Девушка на остановке. Рассказы - страница 4
* * *
Мы готовили ужин: жарили каштаны, заваривали кленовые листья. Ты не любил осень, потому что за ней была зима, а зимой ты все время мечтал о теплых краях – как больная птица, которой пришлось зимовать на родине. Быстро темнело, под вечер разыгрался шторм, и мы перебрались ужинать в дом: пили кленовый чай, ели каштаны с соусом из седого света луны, и до полуночи играли в игры. Сперва в рэндзю… Расставляя ряды черных и красных фишек, мы одновременно занимались каллиграфией и писали стихи. Сначала одностишия, а когда получалось выставить три фишки в ряд – складывались хайку. Победителем становился тот, кто сумел выстроить танку из пяти.
Играя в шахматы, ты всегда давал мне фору в коня. Но я все равно проигрывала, потому что за тебя конем ходила ночь. Иногда, увлекаясь, мы сами не замечали, как превращались в других людей или даже вещи. Например, в рисунки Сальвадора Дали: ты нависал над столом резиновой яичницей, а я перевоплощалась в гипсовый портрет Вольтера, в котором мифические гусеницы проели силуэты монахинь. Иногда мне представлялось, что люди вокруг меня, веселые и улыбчивые, танцуют, отмечая мое трехлетие, а на твоем месте появлялся зеленый проросток бамбука. Несмотря на то, что наши сознания получали совсем разные и неожиданные воплощения, мы всегда оставались тесно связанными между собой, будто сюжетом одной книги. Часто и сама игра в шахматы целиком путалась в своих правилах и становилась игрой ассоциаций. Тогда наши превращения получали отдельную жизнь. Мы теряли над ними власть, словно батлейщик, который оставляет своих кукол на чердаке в наивной уверенности, что они так и будут все время неподвижно лежать на том же месте.
– Я только что был конем, который умел летать, – сказал ты, очнувшись.
Странно, но твоими глазами я видела совсем другую историю…
Март-апрель 2005
Портрет Солнца
Казик не всегда был слепым. В детстве он хорошо видел, а теперь ему остались только цветные сны. Неизлечимая болезнь одолела его, и в какой-то момент он совершенно ослеп. Раньше, когда мальчик еще мог видеть, он больше всего любил смотреть на небо – хотел когда-нибудь передать на бумаге яркость солнечного лика. Он мечтал написать портрет Солнца и, возможно, за это и был наказан. Родные жалели мальчика, а чужие жалели и мальчика, и его родных. Только мальчик никого не жалел и никому не завидовал. Он каждое утро просыпался и учился жить по-новому, учился ощущать остроту жизни другими органами чувств.

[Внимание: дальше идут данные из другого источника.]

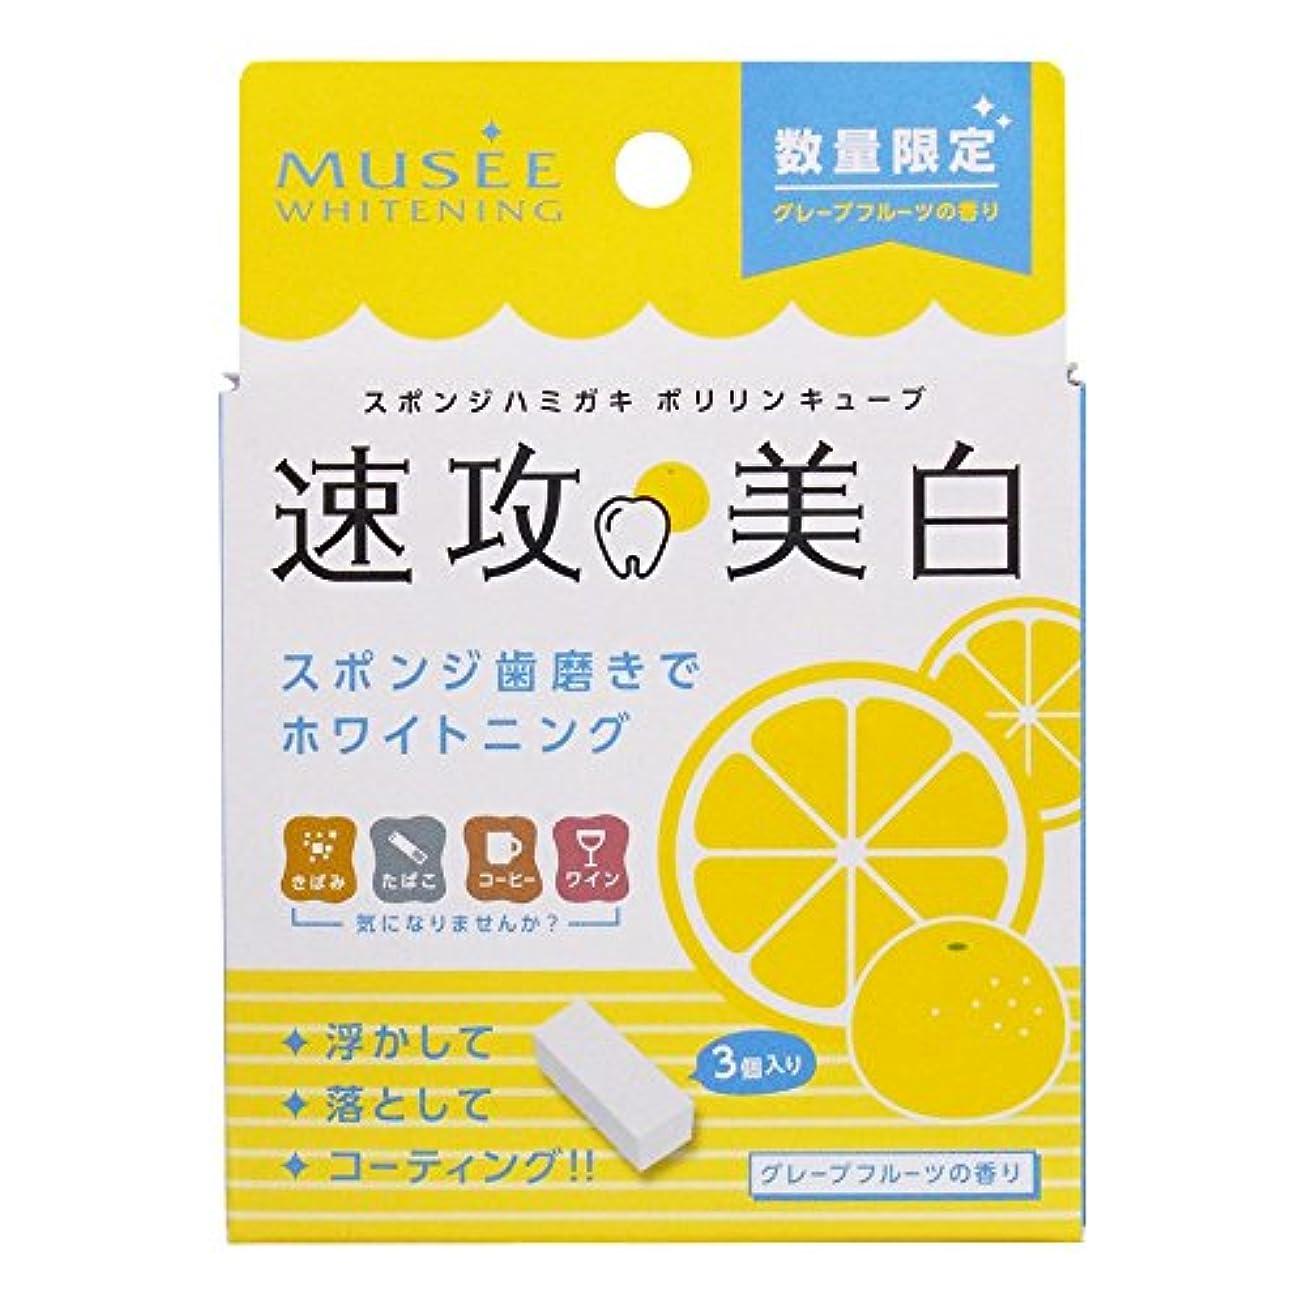 ずっと岸採用するミュゼホワイトニング ポリリンキューブ グレープフルーツの香り (1回分×3包)

С детства Казику нравилось одиночество. Он любил лежать на спине и разглядывать белые облака, наблюдать как они плывут, плывут. «А куда они плывут? – думал мальчик. – Наверное, собираются где-нибудь в одном месте и создают белый свет».
Казику читали истории про слепого музыканта и других великих людей, утративших зрение, которые достигли успеха и даже всемирной славы. Его убеждали, что он не должен теряться, что ему нужно попробовать себя в других областях, где зрение не так уж необходимо. Но мальчик хотел рисовать.
В своих рисунках он изображал другой мир. На одних он зарисовывал эскизы своих воспоминаний, на других – свои сны. Цвета на баночках с краской были помечены шрифтом Брайля. Поначалу его картины видели только родители, но слава о необычном таланте мальчика быстро разлетелась по всему городу, а позже и за его пределами. Те, кто видел эти рисунки, не верили: одни – в то, что мальчик слепой, другие – что именно он был их автором. Но Казику было все равно, он продолжал рисовать. Просто потому, что иначе не мог.